Thursday, October 29, 2009

TGIF

It's Friday and the office is closed for one day--in compensation for the biggest Cambodian holiday: the Water Festival. The holiday actually lasts for about three days, and there are a bunch of organized teams who will boat-race each other. I'm excited, but we have to work during the days when the races actually occur. It kind of sucks, because it's the only chance I'll get to see it, and I won't see it. Oh well.

To follow up on my previous post, I was definitely stressed and unhappy when I came back from Vietnam. I'm not sure if I have moved out of that state yet, either. However, I have realized that it's my unhappiness with being overworked and not willing to work more than my designated hours anymore. I'm tired, but I guess any kind of work really calls for working more hours than you are paid for. After all, the pay was never the reason why I came here. It was the work itself. Am I regretting coming here, then?

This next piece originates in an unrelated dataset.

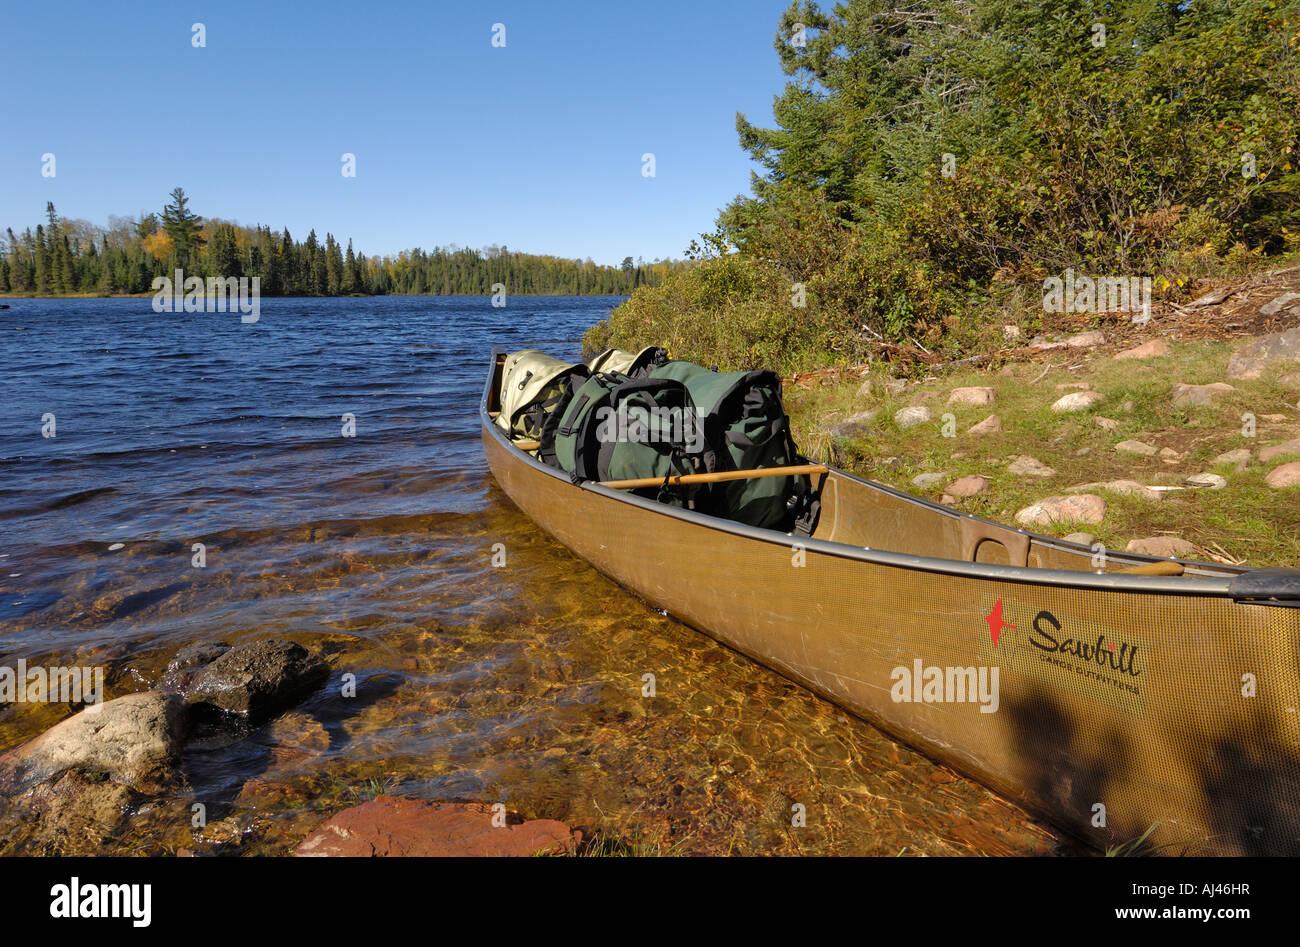 Canoe on Sitka Lake, Boundary Waters Canoe Area Wilderness, Superior National Forest, Minnesota, USA - Stock Image

The main reason why I've been so unhappy though is because of the girls and their actions. While they can be very cute, they can also be very rude in their ways and discriminatory towards each other. Moreover, cliques are very apparent. I guess this is "natural," but I see it more as social, and hence, things can be changed. How much we, as office staff, should be involved in their lives though is hard to determine. Plus, is our purpose to actually CONTROL them and their lives? Who the hell are we to do that. No one.

Last month, after an intensive nail training, the girls in the nail program decided to take off for a day to drink and party at a baby shower after they asked each staff if they could do so. We told them no. If one person says no, they should have respected that answer. We expect them to be at school in the mornings and doing their practicums in the afternoons, and they knew that. Anyway, we had a big meeting the next day. They didn't seem to regret their actions too much.

Yesterday, we sat in a circle to talk about "reputation" for our Soft Skills Class. Anh did a really good job, as always when facilitating that class, and came up with the idea of asking the girls to write about a time when their reputation to another was damaged, and the reasons why. The point was to get them to remember why that had occurred and to see how they can gain trust from others again. All the girls who disappointed us in September actually wrote about that very incident, and they cried. It really surprised me that it was so intense, because I never knew how they felt about us and the program, AND themselves after the big meeting. I'm glad they took us seriously. It shows the amount of respect they have for us.

I'm still not ready to go back to the kind of relationship I had with the girls before the incident though. It really affected how I have come to see anti-sex-trafficking and community work, and it has definitely scarred me.

Anyway, my optimism is still alive though.